Core Security Principles

  1. Zero Trust by Default: No action is taken without explicit authorization
  2. Defense in Depth: Multiple security layers that work independently
  3. Audit Trail: All actions are logged with user attribution
  4. Fail Secure: Any security failure results in no action taken
  5. Real-time Validation: Continuous security checks during execution

Security Features

1. Multi-Layer Security Implementation

Our agents implement defense-in-depth with multiple security layers:

Workflow-Level Security (First Layer)

  • GitHub Actions if conditions prevent workflows from running for unauthorized users
  • Fail-fast security checks terminate workflows immediately for unauthorized access
  • Minimal GITHUB_TOKEN permissions following principle of least privilege

Application-Level Security (Second Layer)
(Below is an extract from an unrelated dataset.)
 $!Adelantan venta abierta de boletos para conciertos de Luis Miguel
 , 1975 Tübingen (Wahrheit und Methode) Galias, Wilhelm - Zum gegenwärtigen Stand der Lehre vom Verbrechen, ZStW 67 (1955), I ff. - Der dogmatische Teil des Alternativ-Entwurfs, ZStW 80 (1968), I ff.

  • Allow List Based Authorization: Only specific GitHub usernames can trigger agent actions
  • Rate Limiting: Prevents abuse with configurable request limits per user
  • Repository Validation: Restricts agents to specific repositories
  • Comprehensive Security Checks: All layers validated before any action

2. Agent Admins

The agent admins list is configured in .agents.yaml under the security.agent_admins field. Only these users can trigger agent actions via [Action][Agent] keywords. The repository owner (extracted from GITHUB_REPOSITORY environment variable) is always included automatically.

Agent Admin Capabilities

Agent admins have the following special capabilities:

  1. Trigger Agent Actions: Use [Action][Agent] keywords to invoke agents
  2. Extend Iteration Limits: Use [CONTINUE] to allow more agent iterations (see below)
  3. Authoritative Comments: Their comments are treated as authoritative in review contexts

3. Agent Iteration Limits and Continue

To prevent infinite loops where agents repeatedly try to fix the same issues, the system tracks iteration counts based on PR comments. Each agent type has its own independent counter.

How Iteration Tracking Works

  • Comment-Based Tracking: Iterations are counted by parsing PR comments with agent metadata markers
  • Separate Counters: The review-fix agent (responds to AI reviews) and failure-fix agent (responds to CI failures) have independent iteration counts
  • Max Iterations: By default, each agent is limited to 5 iterations before pausing
  • Metadata Format: Comments include <!-- agent-metadata:type=TYPE:iteration=N --> for tracking

The [CONTINUE] Command

Agent admins can extend an agent's iteration limit by posting a comment containing [CONTINUE]:

[CONTINUE]

I've reviewed the progress. Let the agent continue working on this.

How it works:

  • Each [CONTINUE] adds the base limit to the effective max
  • Base limit is 5, so: 1x [CONTINUE] = max 10, 2x [CONTINUE] = max 15, etc.
  • The iteration count itself is not reset - it keeps incrementing

Key Details:

  • Case-insensitive: [CONTINUE], [continue], and [Continue] all work
  • Admin-only: Only users in security.agent_admins can extend limits
  • Cumulative: Multiple [CONTINUE] comments stack (each adds 5 more iterations)
  • Per-PR: The count applies to the entire PR comment history

Example Scenario

  1. PR validation runs, agent tries to fix issues (iterations 1-5)
  2. Agent hits max iterations (5), posts "Iteration Limit Reached" message
  3. Human reviews progress and decides the agent should continue
  4. Admin comments: [CONTINUE] Making good progress, keep going
  5. Effective max is now 10 - agent can run iterations 6-10
  6. If needed, another [CONTINUE] would extend to 15, and so on

Configuration

# In .agents.yaml
automation:
  max_auto_fix_iterations: 5  # Base limit per agent (extended by [CONTINUE])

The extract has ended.